SDRAM DIMM, RAMBUS RIMM Comparison
Perhaps, we should first look at the different working mechanism
between an SDRAM DIMM and a Rambus RIMM module.
- Both systems are based on control clocking to precisely position
the retrieved data.
- The SDRAM DIMM works on a 100Mhz clock (PC100) while the RIMM works
on a 400Mhz clock.
- The SDRAM DIMM works on single data rate while the RIMM works on
both edges of the clock to provide double data rate at two times of the clock frequency
- The SDRAM DIMM provides 64bits of data in parallel at each clock
while the RIMM produces packets of 32bits data (at double clock edge) at each Rambus clock
cycle. Therefore, it requires 2 Rambus clock cycles to get the same 64bits of data.
- SDRAM DIMM works on 64 data lines while the RIMM only work with a
bus of 16 data lines.
- Rambus use a packetized bus reduction concept to minimize the bus
width (number of signal wires) at the trade-off of increased data frequency.
- Therefore, the RIMM can be illustrated as a serial streaming
technology instead of a parallel technology like the SDRAM DIMM.
Figure 1: It takes 2 Rambus clock cycles at 400Mhz to get the
64bits that an SDRAM will get in only one slow clock cycle 100Mhz.
The Basic SDRAM DIMM Tester Architecture
Figure 2 shows the typical SDRAM DIMM tester block diagram. It is
a 64bit (72bit including ECC) tester built with 72bit algorithmic pattern generator, 72bit
data comparitor, and 72bits of data driver/receiver. In additional, there is a set of
address counter, control signal generator, refresh timer, and also a timing clock
generator. Of that, the most complex unit is the algorithmic generator and the comparator.
Figure 2, Basic SDRAM DIMM tester
RIMM Tester built on the SDRAM Tester concept
In order to build a Rambus RIMM tester, a "RAC" (Rambus
ASIC Cell) chip is required to translate the lower speed data (100Mhz) to the 800Mhz data
rate. This custom chip acts as a "gear box" that translates the PC100 signals
with a 4:1 gear ratio to four times the clock frequency and eight times the data rate.
This ASIC also provides the voltage level translator to 1.8V. Since the Rambus channel
works with both clock edges, twice the data from the PC100 signal generator is needed to
keep up with the Rambus execution speed. That means 144 bits of data is required at the
input side of the "RAC" chip. This translates into two PC100 SDRAM DIMM testers
with time synchronization circuitry (hand shakes). Figure 3 shows the block diagram of the
Figure 3, Rambus RIMM tester architecture
The Cost Factors
- The tester architecture requires 2 of the SDRAM DIMM testers with
hand shake circuits. This design doubles the cost of the base signal generator.
- The "RAC" circuit is a license technology from Rambus,
Inc, a one-time license fee plus per piece royalty payment is required.

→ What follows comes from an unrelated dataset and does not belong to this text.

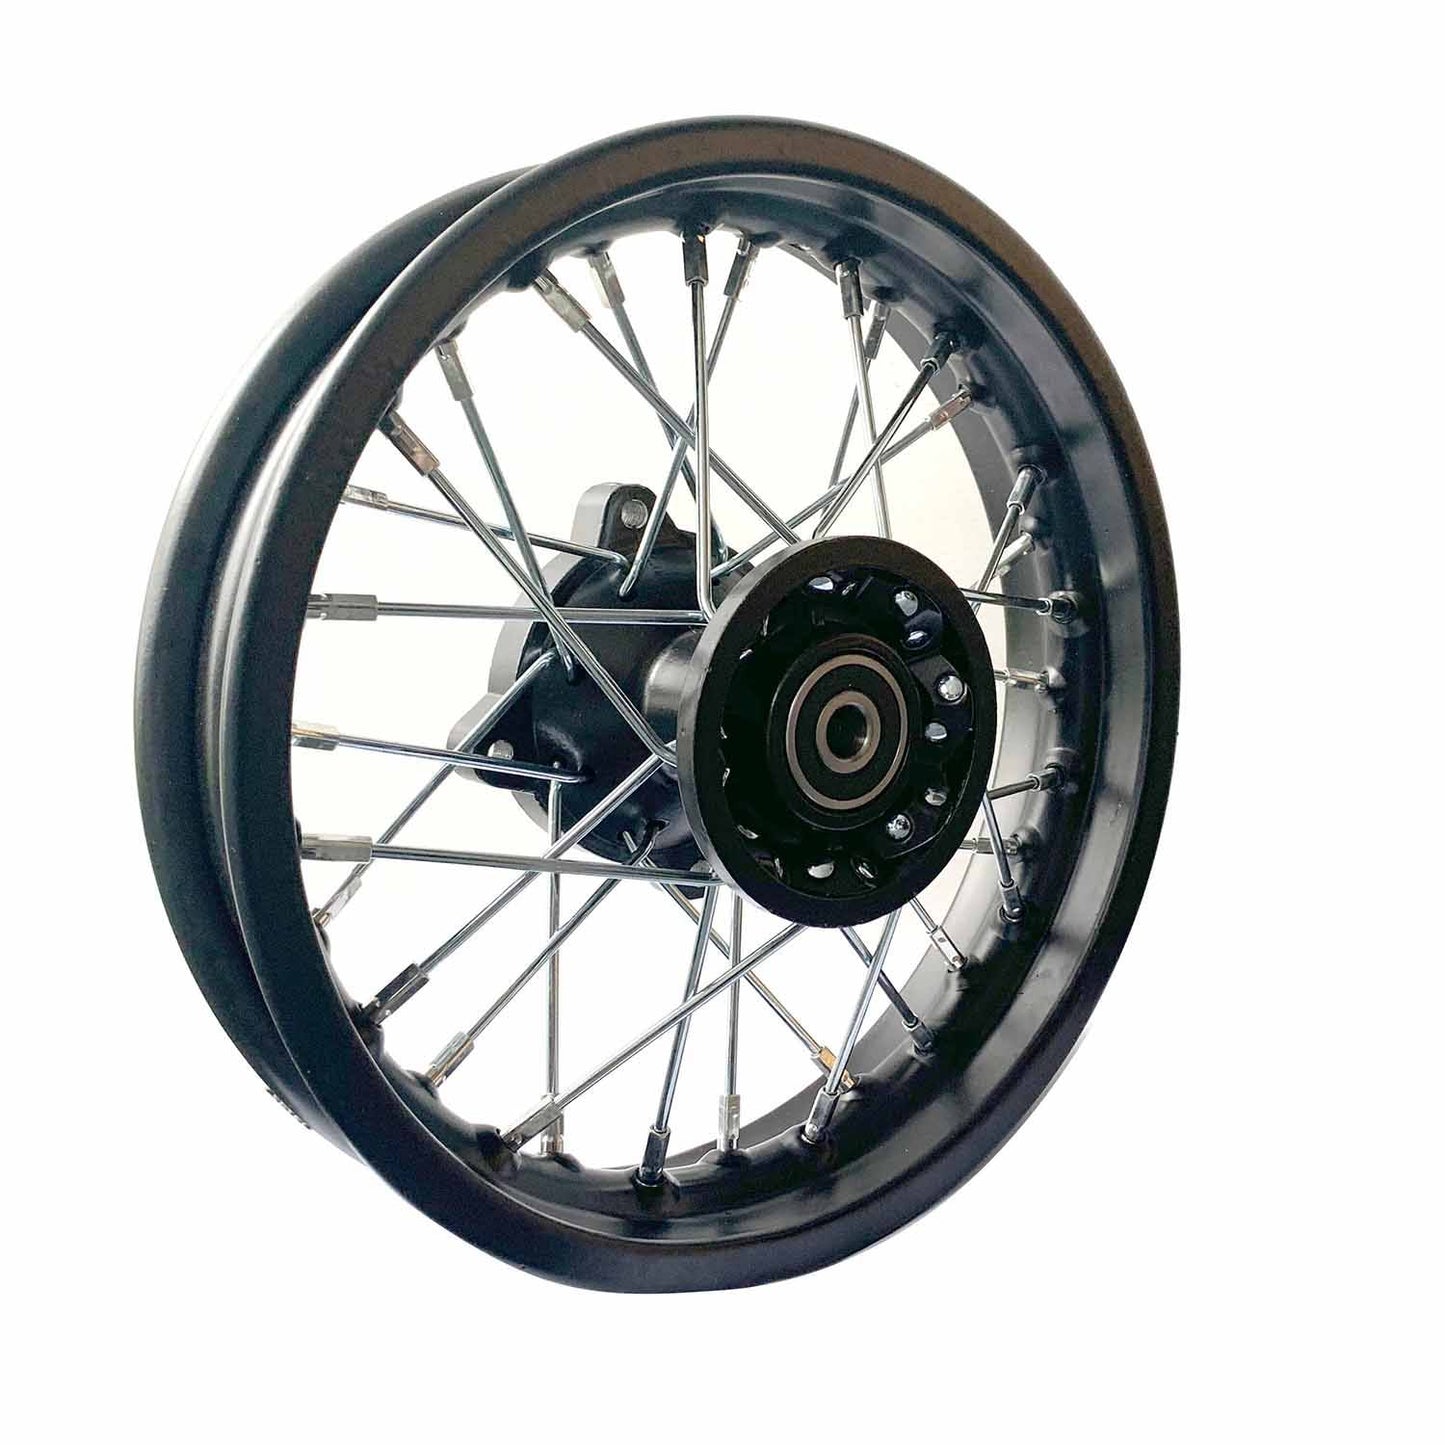 10" Front Dirt Bike Rim 1.60x10 12mm Axle Fit 2.50-10 2.75-10 3.00-10 Tyres - TDRMOTO

- Additional cost of development for the custom "RAC" chip
including tester features. This can vary between $300,000 to $500,000 up front.

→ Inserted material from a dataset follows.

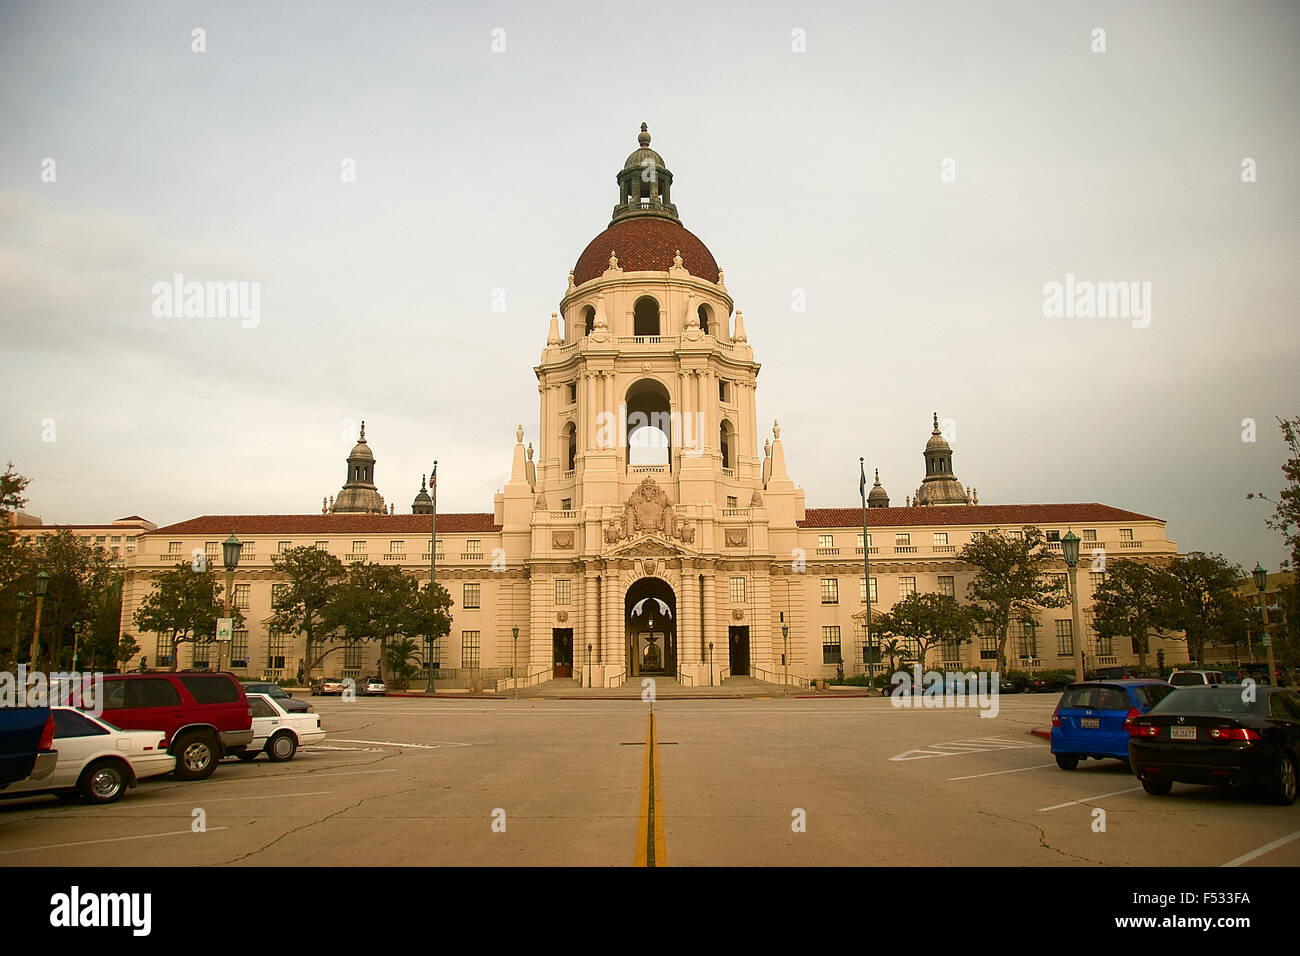 Pasadena - California, Beautiful picture of the city hall in Pasadena, California. Stock Photo

- Complexity on PCB layout of the Rambus channel. Simulation analysis
is required to minimize reflection. This leads to additional engineering cost.
- Cost of Rambus test socket. Presently, the only test socket
available for testing RIMM starts at $3,500.
Judging from the cost and complexity factors, the upgrade cost
from a PC100 SDRAM DIMM tester to a RIMM tester would likely cost many times more than the
original PC100 tester. A whole new generation of memory tester with higher throughput
would probably better fulfill the needs of the industry. Besides, the same architecture in
Figure 3 would apply to alternate technologies like DDR or PC133 simply by replacing the
"RAC" chip with the appropriate interface ASIC.